杨小安打了个寒颤,低下头,不敢看龙飞扬那双要吃人的眼睛。
“那个马庸建议拔管。”
“说是……说是要把IcU的床位腾出来,给刘家那个飙车断了腿的大少爷!”
空气凝固了。
只有电梯显示屏上的数字在跳动。
15,16,17……
每一层,都像是通往地狱的阶梯。
“拔管?”
龙飞扬咀嚼着这两个字,嘴角勾起一抹极度森寒的弧度。
那是修罗的微笑。
“看来我杀的人还不够多。”
他看着不断上升的数字,语气平静得让人毛骨悚然。
“有些人,总是记不住疼。”
“既然记不住,那我就帮他们长长记性。”
……
顶层,IcU重症监护室外。
走廊里乱成了一锅粥。
哭声,骂声,推搡声,混在一起。
几个穿着白大褂的医生围着一群小护士,指指点点,一脸的不耐烦。
为首的一个中年男人,地中海发型,金丝眼镜架在鼻梁上,肚子挺得像个孕妇。
马庸。
京城来的“专家”。
“哭什么哭!啊?这里是医院,不是殡仪馆!”
马庸手里拿着一份文件,用力拍打着墙壁,唾沫星子横飞,“生老病死是自然规律,懂不懂科学?”

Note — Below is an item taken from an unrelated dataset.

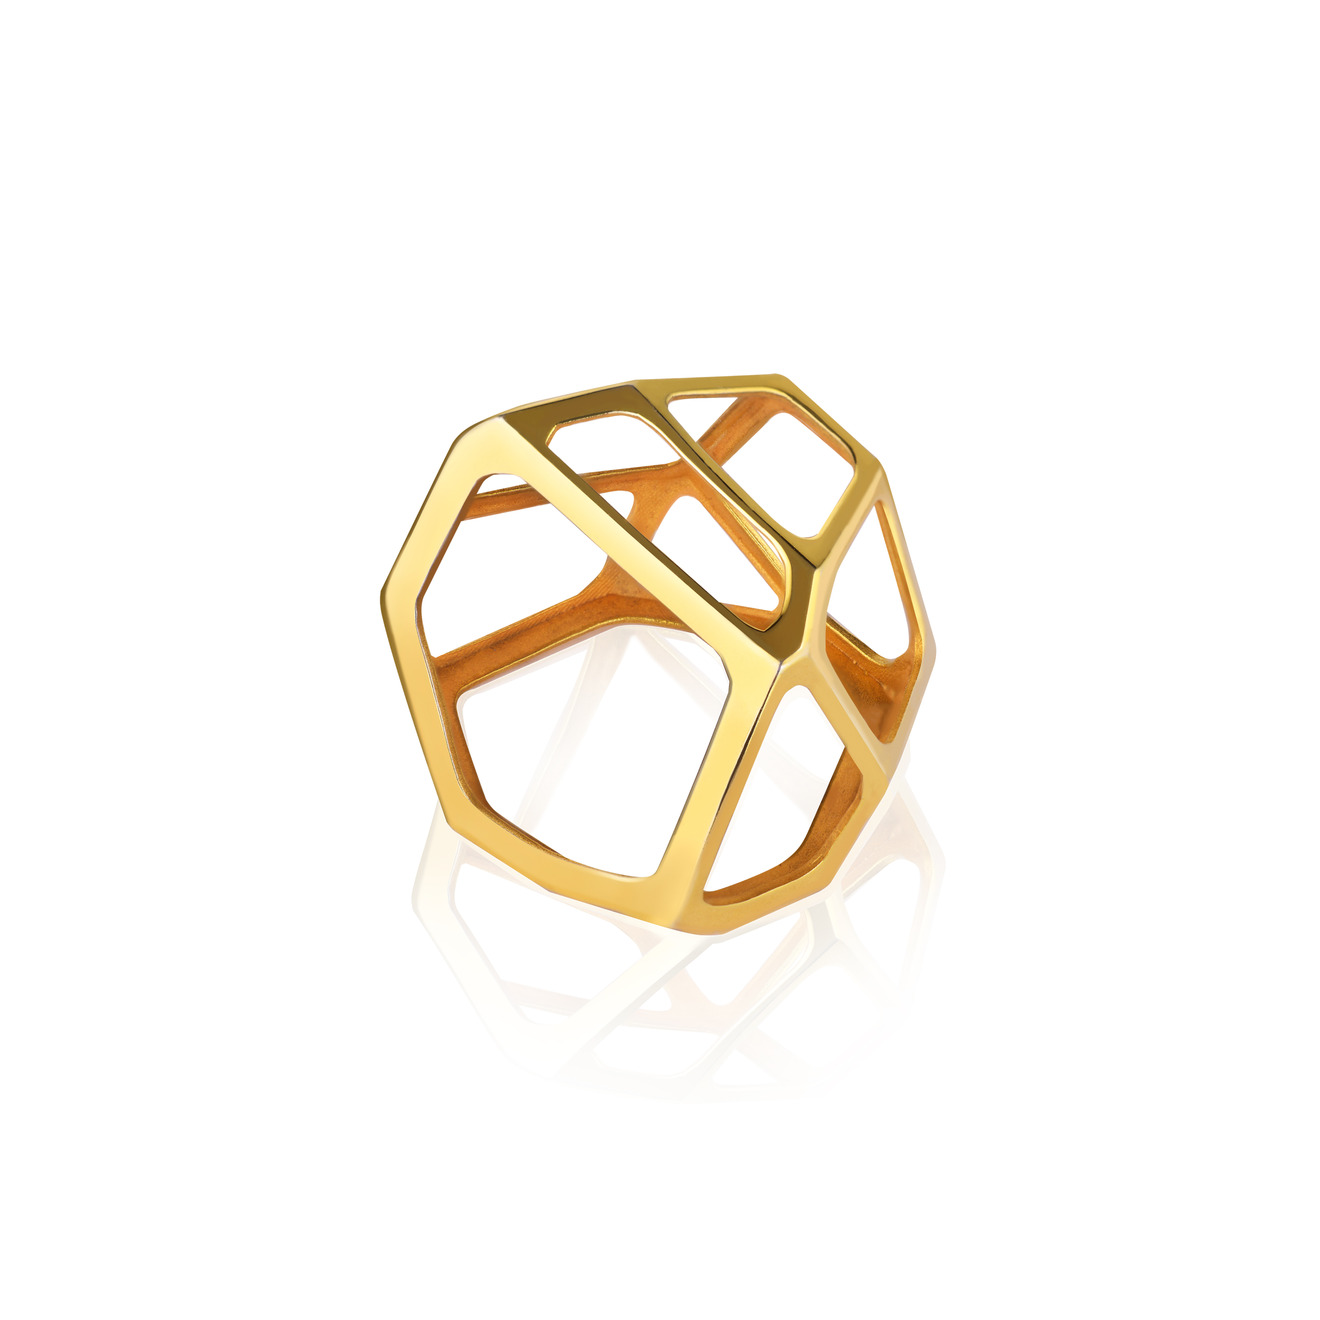 Vertigo Jewellery Lab Позолоченное безразмерное кольцо-подвеска из серебра “CELL MONO” vertigo jewellery lab кольцо сleoptr из серебра

“各项生命体征都跌破临界值了!脑电波都直了!这就是脑死亡!”
“继续浪费医疗资源有什么意义?啊?你们告诉我有什么意义?”
一个小护士红着眼睛,死死护在门口,声音哽咽:“可是……可是刚才病人的手指还动了一下……”
“马主任,求求您了,再观察一下吧,也许……也许还有奇迹呢?”
“奇迹?”
马庸像是听到了什么天大的笑话,冷笑一声,满脸的不屑。
“我是哈佛医学院毕业的博士!我见过的死人比你见过的活人都多!”
“我说没救了就是没救了!”
“你一个小护士懂个屁?难道你的直觉比几千万的进口仪器还准?”
他转过身,看着身后几个穿着黑西装、戴着墨镜的保镖,换了一副谄媚又威严的嘴脸。
“刘少爷就在隔壁等着呢,这间特护IcU是全院设备最好的,必须马上腾出来!”
“刘家那是什么身份?那是苏城的金主!”
“你们几个,进去!把那个女警的呼吸机给我撤了!”
“马主任,这……这不合规矩啊……”
旁边一个副院长擦着冷汗,小心翼翼地劝道,“叶知秋毕竟是市局的刑警队长,要是出了事,上面查下来……”
“出了事我负责!”
马庸一挺肚子,一脸傲慢,“刘家每年给医院捐多少钱你们不知道?那是几千万!”
“得罪了刘家,明年的经费谁出?你出吗?”
“再说了,让一个死人占着床位,这就是对活人的犯罪!这就是谋杀!”
“动手!”
那几个保镖早就等不及了。
他们是刘家的狗,主人要窝,他们就得抢。
“让开!不然连你们一起打!”
保镖头子是个满脸横肉的壮汉,恶狠狠地推了一把。
“啊!”
最前面的小护士直接被推倒在地,手肘重重磕在瓷砖上,皮开肉绽,鲜血直流。
“敬酒不吃吃罚酒!”
马庸不耐烦地挥手,“都给我扔出去!别耽误刘少爷养伤!”
几个保镖狞笑着,就要冲进去拔管。
就在这时。
“叮——”
走廊尽头的电梯门,开了。
这声音不大。
但在这一刻,却像是古庙里的钟声,震得人心头一颤。
一道修长的身影走了出来。
黑色的风衣,在这洁白得有些刺眼的医院走廊里,显得格格不入。
他走得很慢。
但他每走一步,空气中就多一分沉重。
一股浓重的血腥气,随着他的走动,迅速在空气中蔓延开来。
那是刚从尸山血海里爬出来的味道。
是修罗场的味道。
原本嘈杂的走廊,瞬间安静了下来。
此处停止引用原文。